In an embodiment, the sol-gel silicate as described herein are synthesized based glass containing 10 mol % TiO₂ that is completely amorphous, with titanium existing as part of the network and not clusters of TiO₂, and able to form crystalline hydroxyapatite by day 3. This was never reported in the literature, and was made possible by the use of Ca(OH)₂ as a basic catalyst during the synthesis.

It is also encompassed that the sol-gel 70STi composition as described herein has a whitening effect on enamel. This was observed visually when 70STi glass was included in a water-based paste mimicking toothpaste and used in demineralization/remineralization experiments such as those shown in FIG. 7. Accordingly, it is encompassed a toothpaste composition comprising the Ti-containing bioactive glass as described herein.

EXAMPLE I

Glasses Fabrication and Characterization

Nitric acid (>99%), calcium nitrate tetrahydrate (>99%), tetraethyl orthosilicate (TEOS) (>99%) and titanium isopropoxide (>99%) are purchased from Sigma Aldrich (Canada).

Sol-Gel Processing

A 70S control glass (71.4 wt % SiO₂-28.6 wt % CaO) and 70STi modified glass were fabricated (71.4 wt % SiO₂-23.6 wt % CaO-5 wt % TiO₂).
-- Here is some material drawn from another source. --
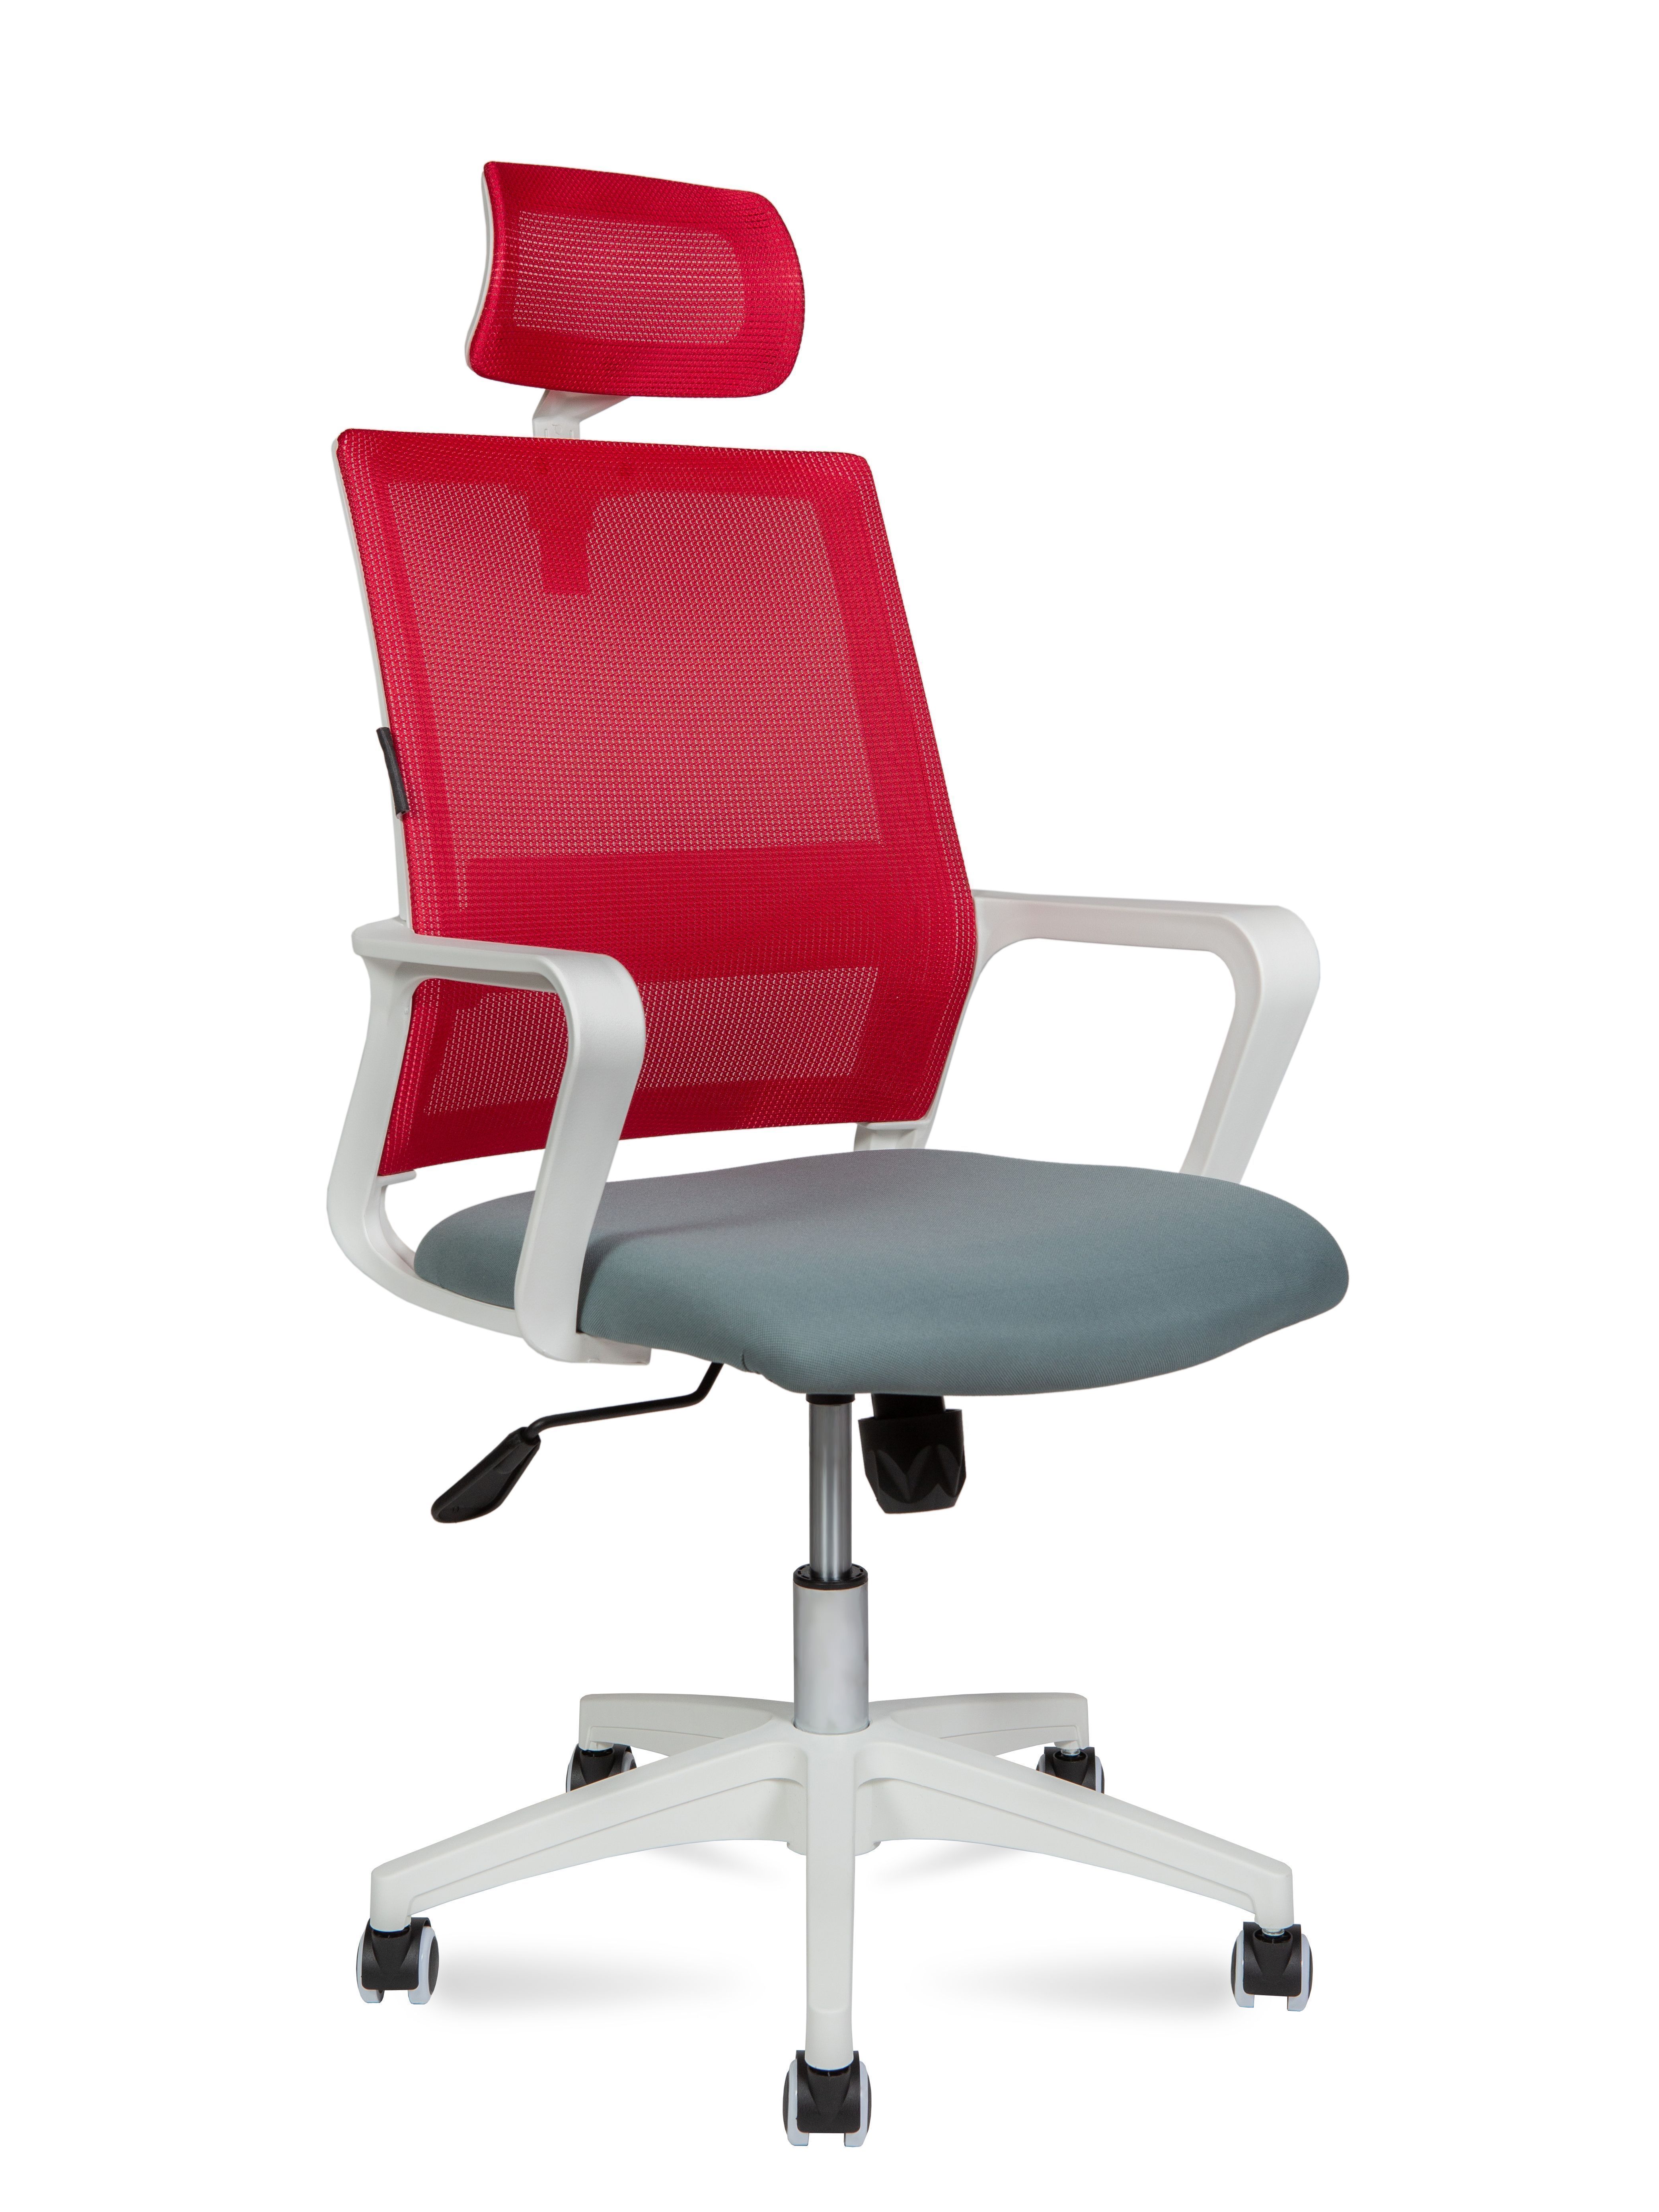 Кресло компьютерное Бит LB белый пластик красный / темно-серый 815BW-AF08-T58 NORDEN

Nitric acid (12M) was added to deionised water at room temperature in a Teflon beaker and magnetically stir for 5 minutes. Over a period of 5 minutes, TEOS was added dropwise, and the solution magnetically stirred for a further hour at room temperature. At this point, calcium nitrate powder was added slowly, allowing it to dissolve before the following addition and stirred for a further hour. For the control glass 70S, the resulting sol was cast into polystyrene petri dishes and air dry at room temperature for 24 hours.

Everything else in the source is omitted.